Management of a Female Patient With CML Planning a Pregnancy[20]

Impact of Imatinib and Other 2G-TKIs on Pregnancy in Patients With CML

Physiologic changes, which also include changes in hematologic parameters accompanying pregnancy, may complicate the diagnosis of CML during pregnancy as they may mask the symptoms.

As the prothrombotic proteins and hemostatic factors increase physiologically, and the venous blood flow is obstructed physically, the prothrombotic potential of a normal pregnancy is recognized. Hence, it is clear that thrombosis can be considered to be the most common cause of maternal morbidity. In the case of myeloproliferative diseases, this may be compounded where there is an associated increase in blood platelet count.,

All TKIs have similar class effects as they inhibit BCR-ABL1. TKIs also have a lot of off-target effects as a result of the inhibition of c-kit, platelet-derived growth factor receptors, arg, and c-fms. Furthermore, it should be noted that one of the 2G-TKIs, dasatinib, also inhibits src and related proteins, which are relevant to gonadal development, embryonic implantation, and fetal maturation.[5,13]

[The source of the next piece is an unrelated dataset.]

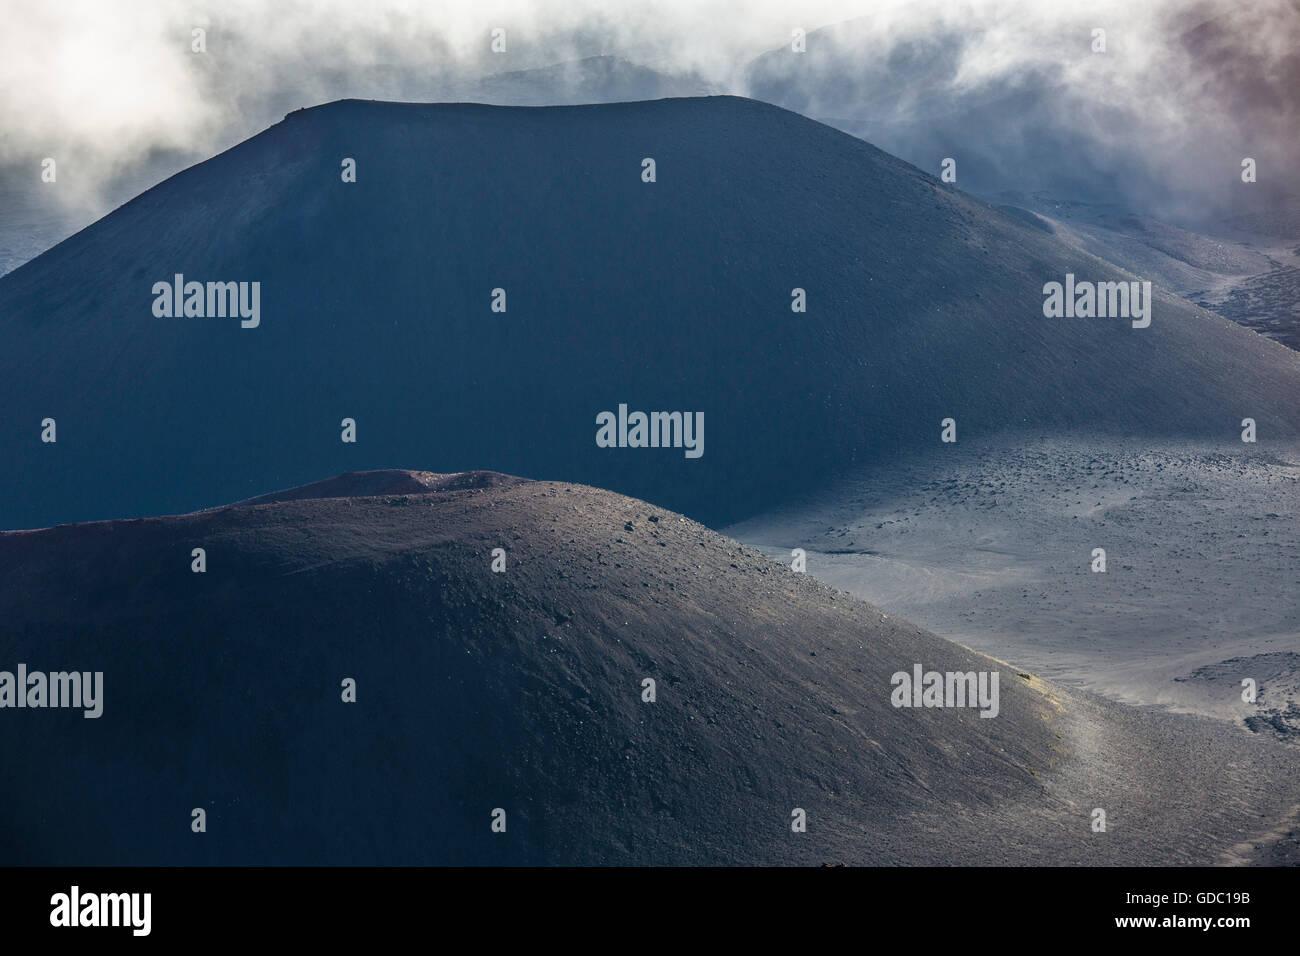 Maui,Haleakala,crater,Maui,USA,Hawaii,America,Volcano, - Stock Image
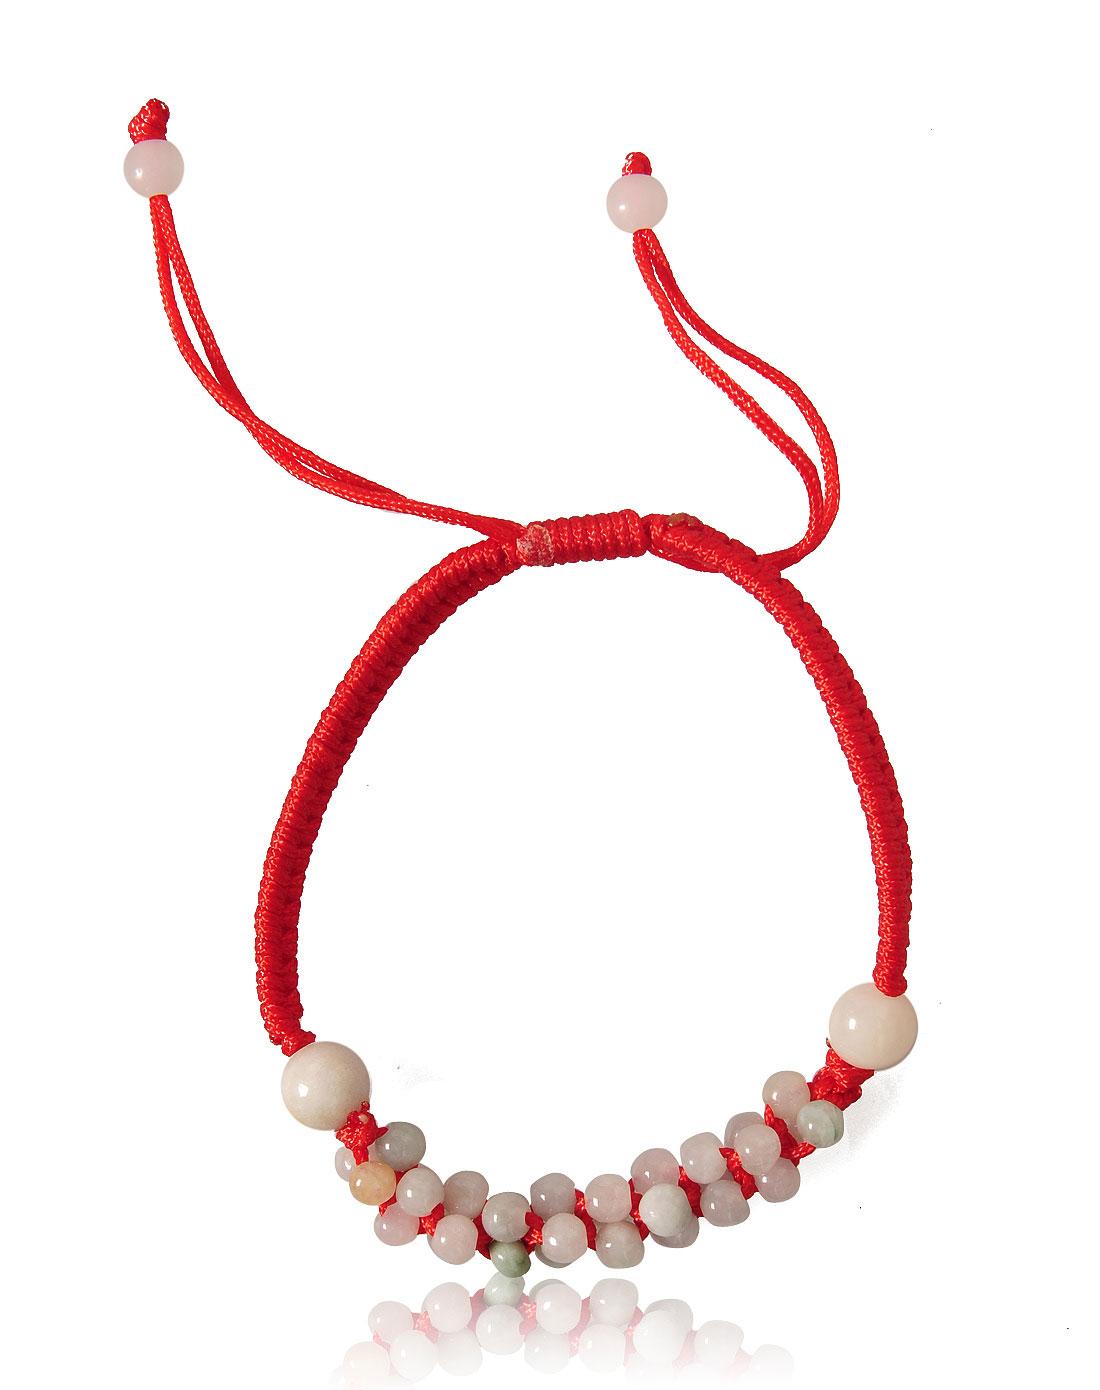 天然翡翠珠子红绳编织手链

Less experience has been reported with 2G-TKIs[36-42] (Table 3; bosutinib, dasatinib, nilotinib, and ponatinib) in pregnancy. Dual BCR-ABL/src kinase inhibitor dasatinib crosses the placenta and results in considerable levels of fetal plasma. It has been reported that, in the first trimester, dasatinib causes fetal hydrops and severe fetal bicytopenia; however, there have been reports of some pregnancies as well.

TABLE 3

CML in Pregnancy Outcomes After 2G-Tyrosine Kinase Inhibitor Therapy

In conclusion, the management of CML during pregnancy poses a therapeutic dilemma because of the potential teratogenic effect of therapy and requires the contemplation of both maternal and fetal life. Imatinib use during pregnancy is a double-edged sword, because discontinuation of the drug is associated with a loss of cytogenetic and molecular response, as well as consequences of the disease and, if continued, results in fetal jeopardy. Several treatment approaches have been used for CML with pregnancy, including hydroxyurea, leukapheresis, and interferon alpha. There are various adverse pregnancy outcomes with TKIs, such as spontaneous abortion, miscarriage, stillbirth, preterm delivery, and malformed child. The various malformations of TKIs are omphalocele, craniosynostosis, clinodactyly, short fifth fingers, slightly downward slanting palpebral fissures, renal and vertebral anomalies, as in our case (right renal agenesis and hemivertebrae), and low birth weight.